My approach to the problem thus far has been to assign unique colors to all $|E|$ edges of a graph, i.e. to have $N = |E|$, and then proceed to reduce $N$ using a naive stochastic procedure.  It would be great to have an efficient deterministic or semi-deterministic algorithm.
I appreciate everyone's time!    
Clarifications:


*

*I am allowing the case of $k = 2$ as well as $k = 1$.

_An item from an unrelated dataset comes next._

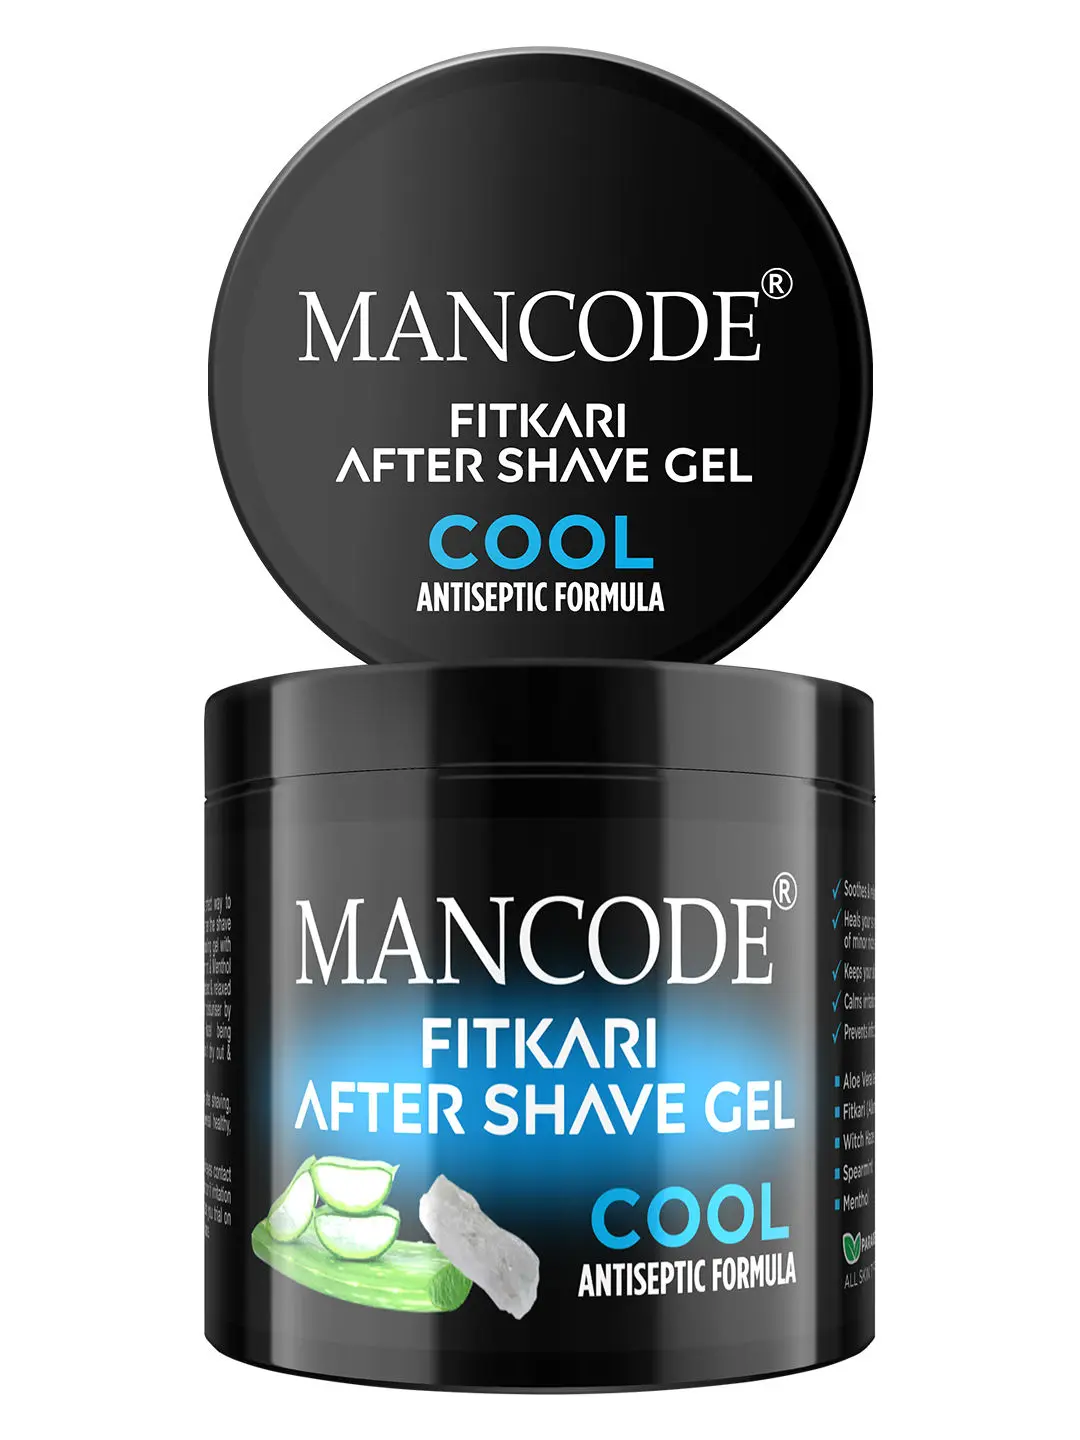 Mancode Fitkari After Shave Gel for Men Cool Antiseptic Formula (100 g)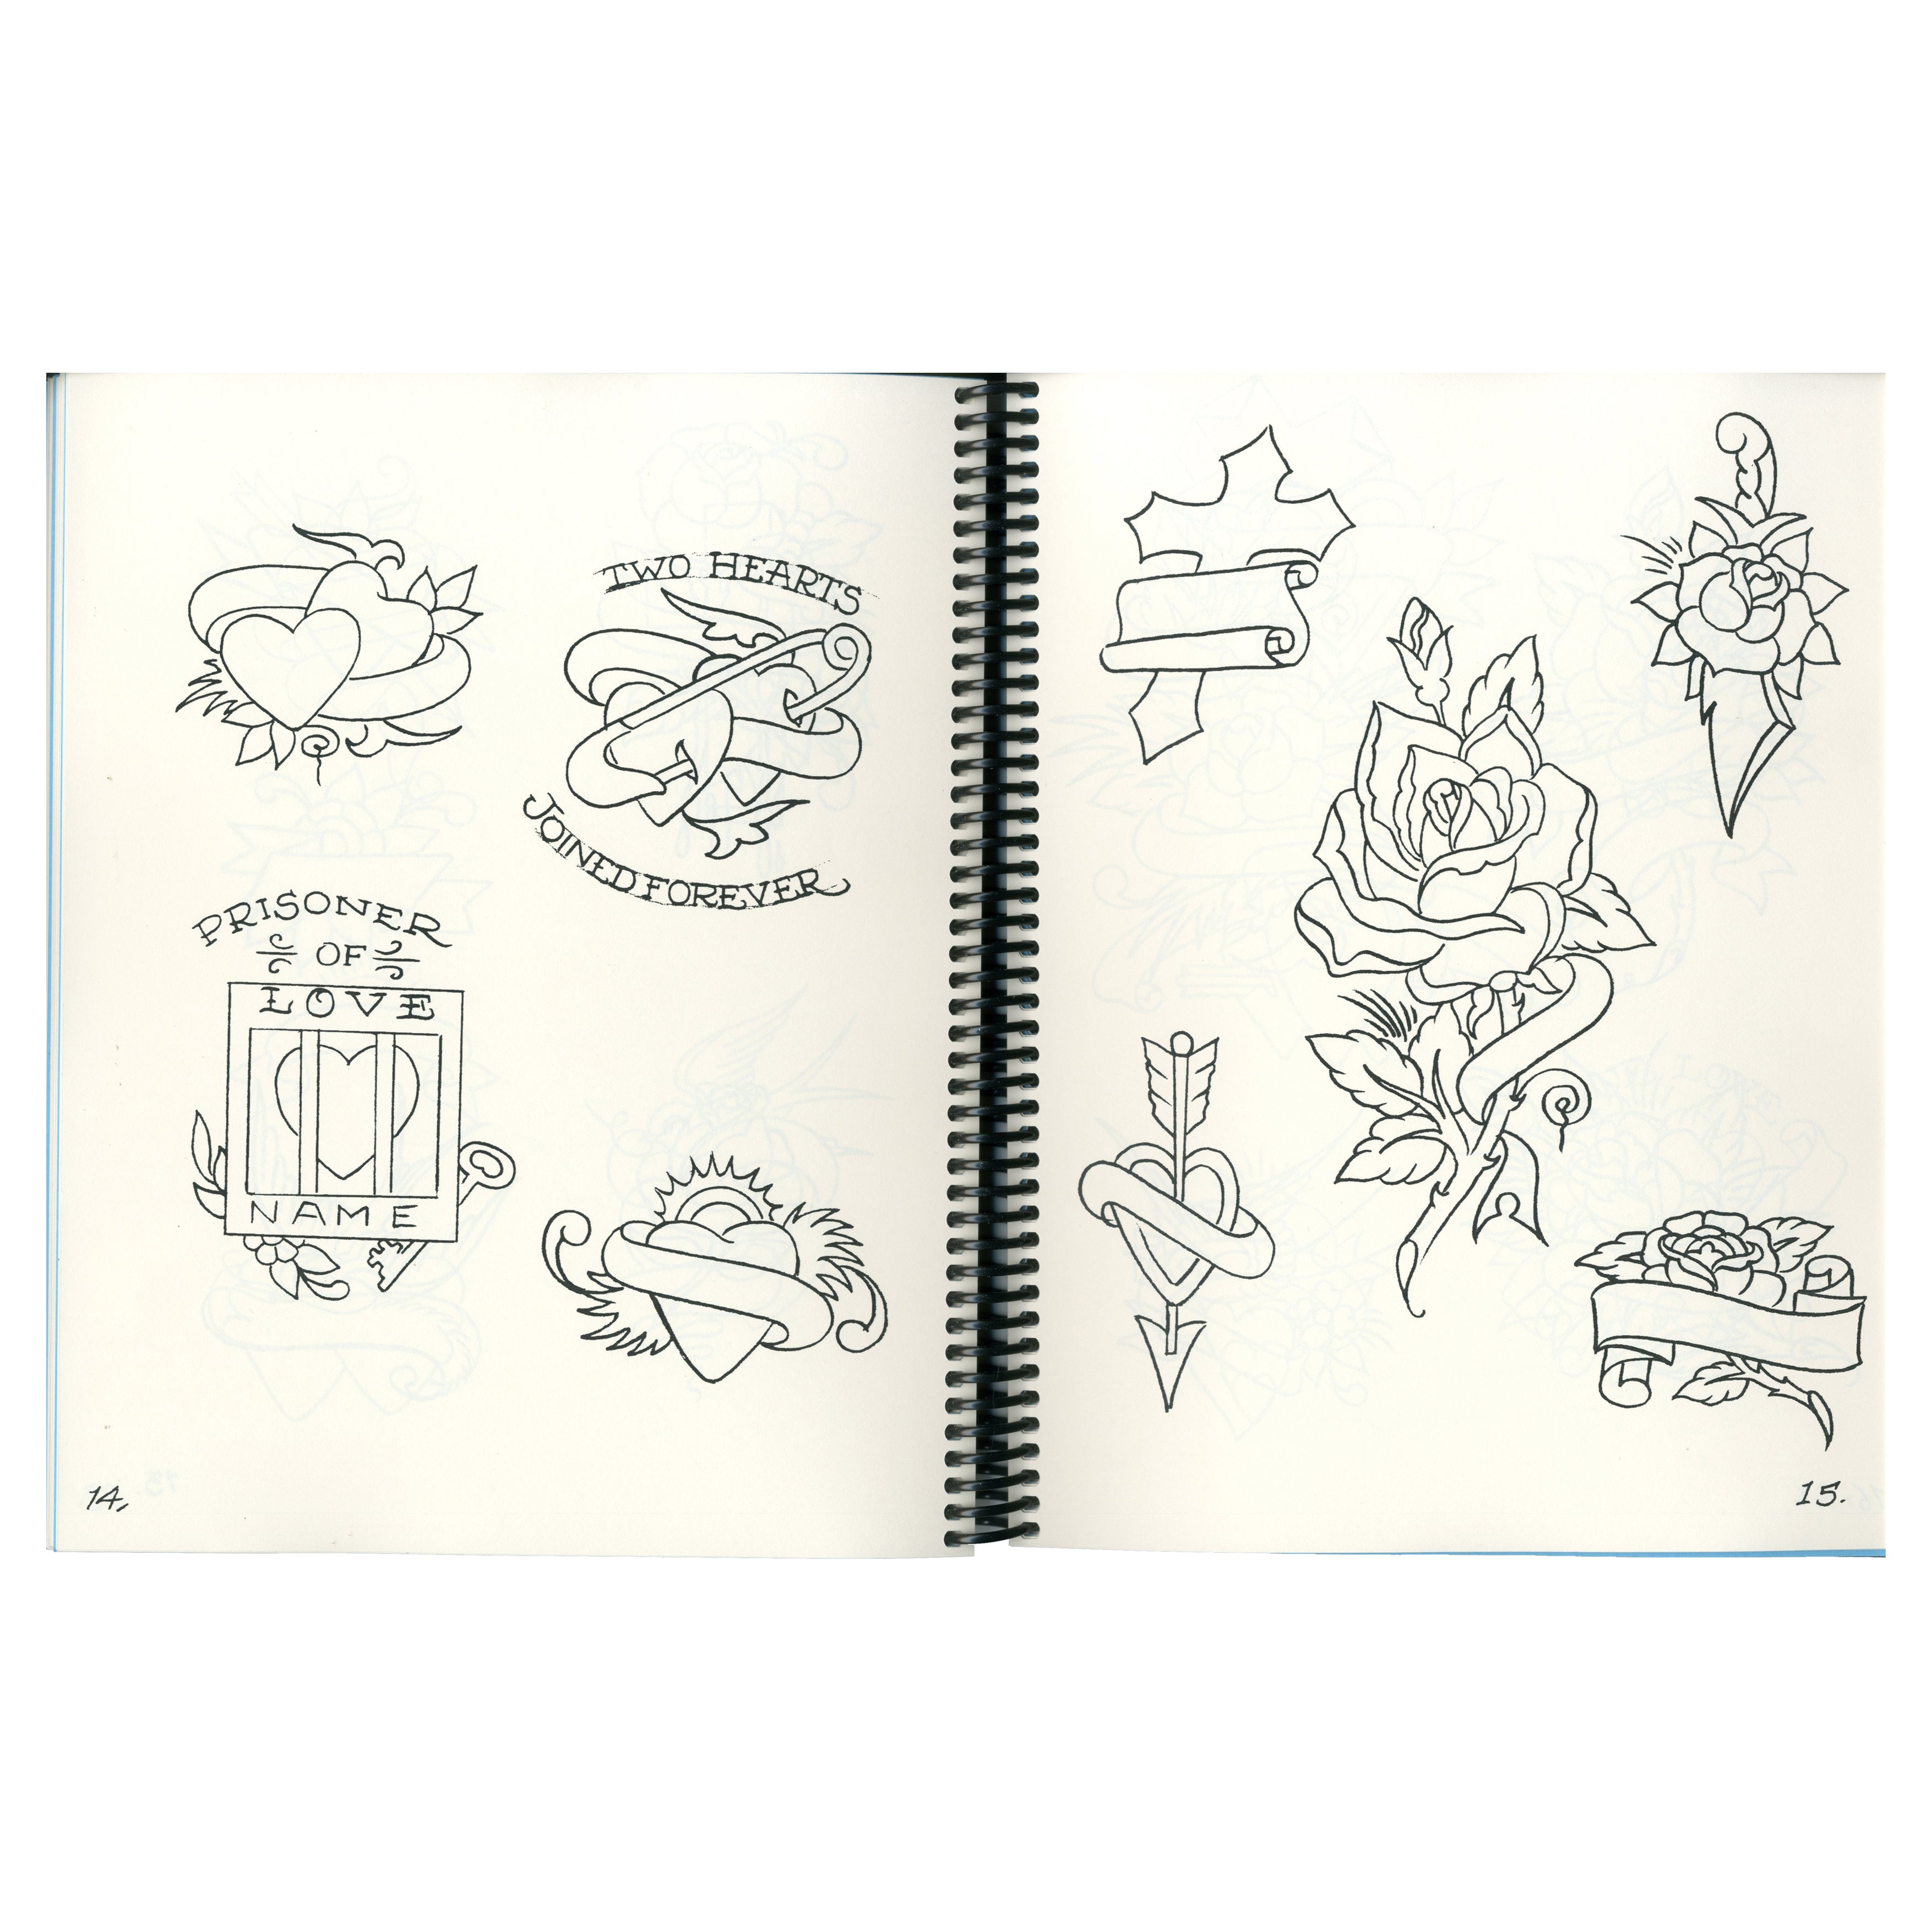 Sailor Jerry Sketchbook

*I changed criterion (2) from requiring that the intersection is of size 'k' to explicitly setting $k = 1$ (or $k = 2$), which is the case I am primarily interested in and hopefully better focuses this question.  
 A: If the input number $k$ is very large (say as large as the next-to-maximum degree) then condition (2) has no effect, and this becomes the same as $N$-edge-colouring of a graph, which is NP-complete. (Have you read about this problem? It's NP-complete even for 3-regular graphs and $N=3$.) So if I understand correctly it does not seem that there is any hope of exactly solving this problem with an efficient algorithm. There are lots of results about finding an edge-colouring with approximately the minimum number of colours, classical ones include Vizing's theorem. 
My brain can't parse the phrase "...bounds on the size of vertex edge sets..." but maybe in the last question you mean, is the problem easy if $k$ is small enough? In the case of 3-regular graphs with $N=3$, it makes it easier but for a trivial reason: no colouring meeting (1) and (2) is possible for any such graph if $k<3$, since any colouring meeting (1) would have to have all 3 colours appearing adjacent to every vertex.
A: I edited my answer after the clarification of the question.
Consider the union of two different color classes. This subgraph consists of disjoint edges and (possibly) a path of length 2. This gives the following bound if the paths can have length 2:
$\sum_i {deg(v_i) \choose 2}\le {N\choose 2}$
Of course this is just a necessary and not a sufficient condition, but it might be a good start for an NP-completeness proof.